The ecosystem has evolved quite a bit, but mature apps can still be hard to understand, as they have so many unique and experimental moving parts. But for me it's about slowly understanding secreat-stack and and how plugins work with it. Manyverse is a great go-to codebase to see a stable ssb setup.

A great job is being done at dev.scuttlebutt.nz's js section to explain the basics. A bit of storytelling can help:

Story: Secret Digital Society

Secret Keys

Imagine we're part of a Secret Digital Society which relies on the security of our communication to operate. We first start by giving each member a secret identity, which are ssb-keys.

Secret Handshake

We then establish a secure protocol for exchanging keys and communicating, which is secret-stack. We have to define a common language (appKey) for communicating and define common data models: post for regular messages, about, for profile messages, etc.

A "common language" is generated by ssb-caps.

Efficient log database

We need to store those messages somewhere. So every member of our network carries a backpack with various copies of everyone's encoded messages. The way messages are organized and kept is called ssb-db. Currently feeds follow this pattern, and lots can be achieved by using it in conjunction with tangles, including CRUT and private-groups.

But a new pattern is being developed, which I still need to wrap my head around.
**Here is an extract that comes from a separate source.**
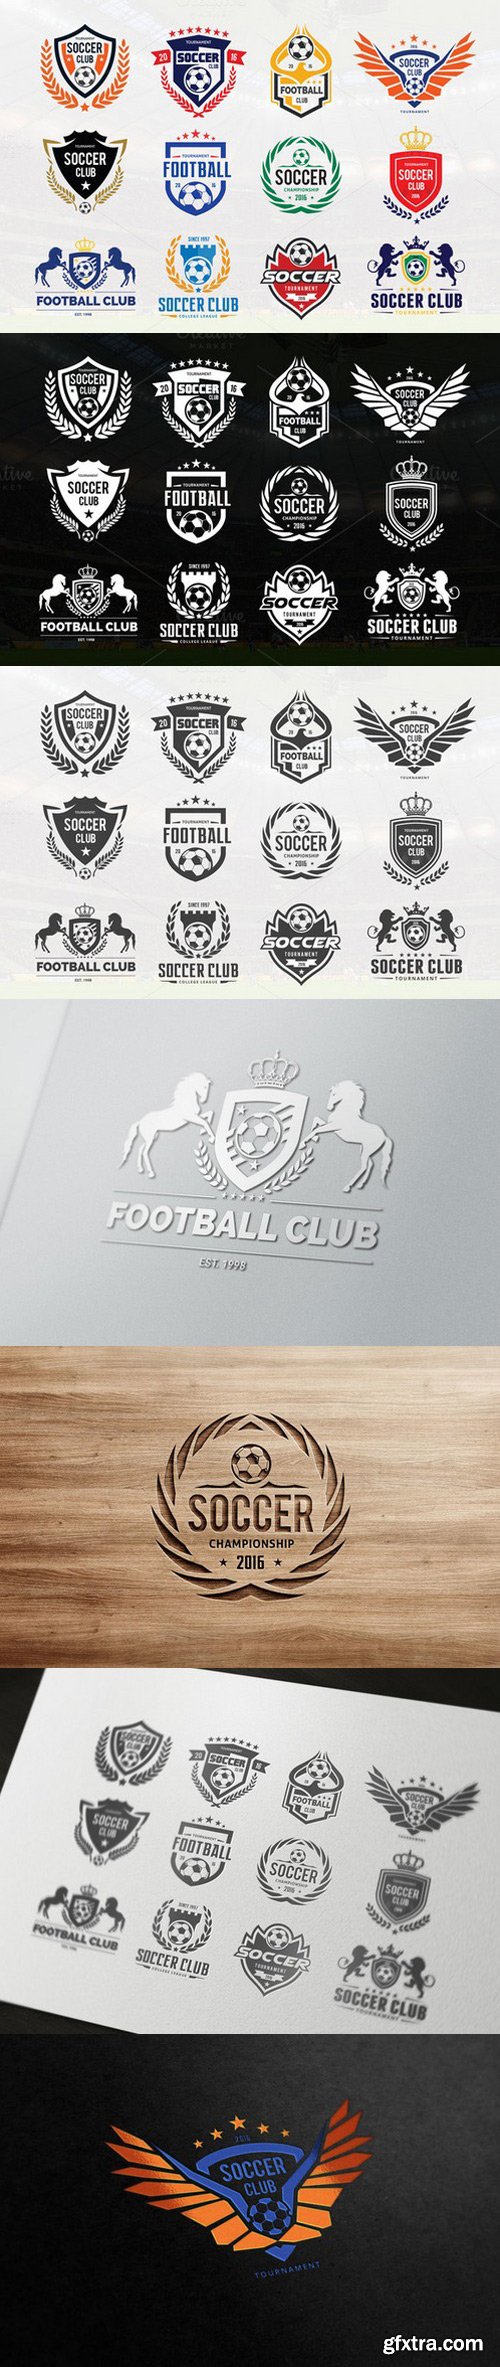 CM - Soccer Logo Football logo collection 620837

So might be worth diving into that.

Gossip like there's no tomorrow

For establishing our social network safely, instead of relying on DHT's, ssb uses gossip, which is my favorite part, as it simulates how real communities operate.
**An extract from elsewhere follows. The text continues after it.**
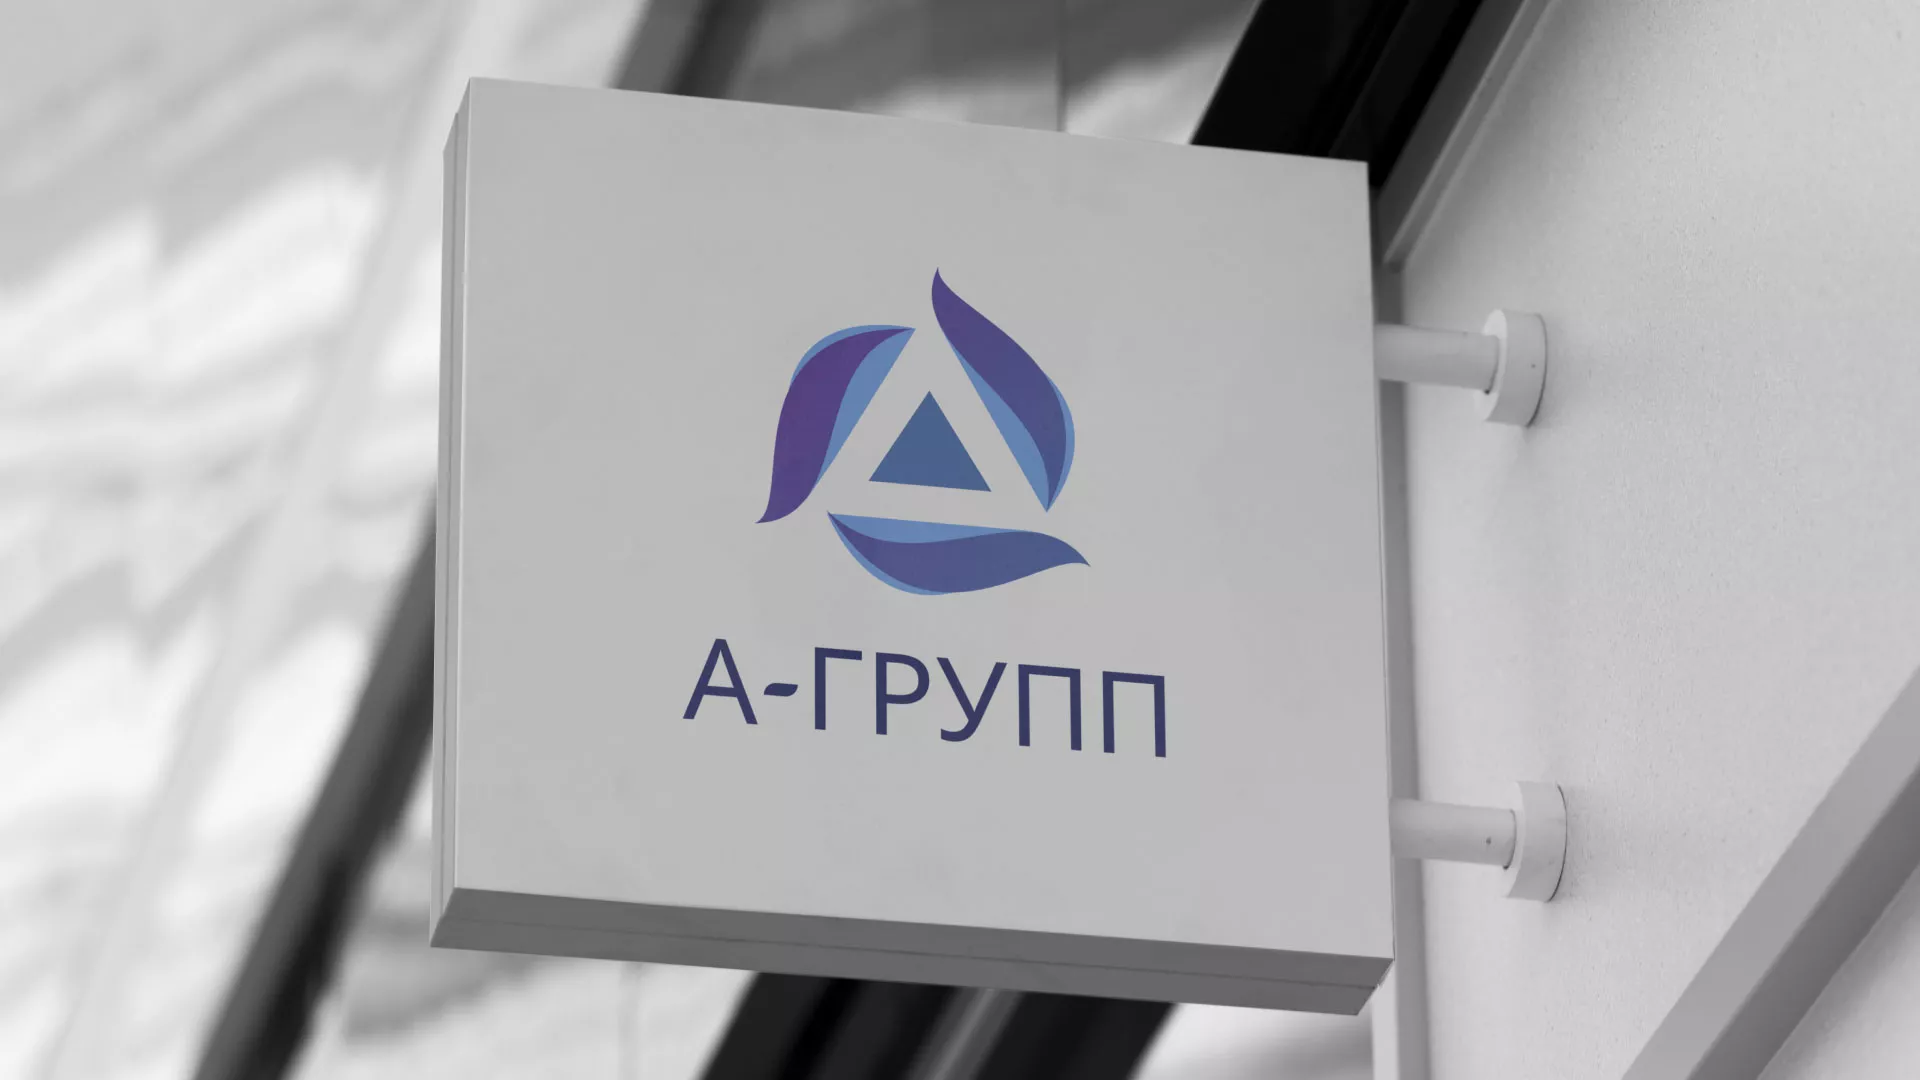 Создание логотипа компании «А-ГРУПП» в Таре

As long as another person I connect to (ssb-conn) speaks the same language (appKey), I'll throw all my messages at them.

The path I choose to walk in order to meet people and gossip is determined by my schedule ssb-replication-scheduler, my social graph ssb-friends, and a map to navigate the random roads of the Internet ssb-ebt.

Where to meet people

Locally: If we meet on the same local network, we can use ssb-lan to discover ourselves over mdns.

In an online room: Rooms don't hold data, are very light and efficient and provide very good hole-punching like a tunnel. Easy to connect using http and provide great user-management (go-ssb-room). It's like the Secret Society Lounge, as long as you've been given access, you automatically gossip with everyone who's inside at the same time.

In a pub: Pubs hold data for everyone that it follows. Follows can happen thru invites. A member of our Secret Society works as a bar tender, so he hands out invite codes to be given to trusted new members to the Society. When the person arrives with an invite at the pub, the bar tender will start gossiping all it's messages to that person and also listening to all the person's gossips.

Indexes and blobs

Many other plugins are related to indexing message types (about, votes, posts, searching) and handling binary data, or blobs (storing, serving, purging).

Learning process

I've personally learned about SSB by playing with the various stacks and libs. When I first fell into the rabbit, Patchwork was the best maintained app, which is very unique, so very hard to understand and tweak. So it felt easier to just build something from scratch then go thru the learning curve of SSB backend.

For me building toy-apps is the best way to learn. From the little I've worked with you @andrew 🐝, I've noticed you're quite good at grasping large complex app ecosystems, such as Mapeo's. What you're process like?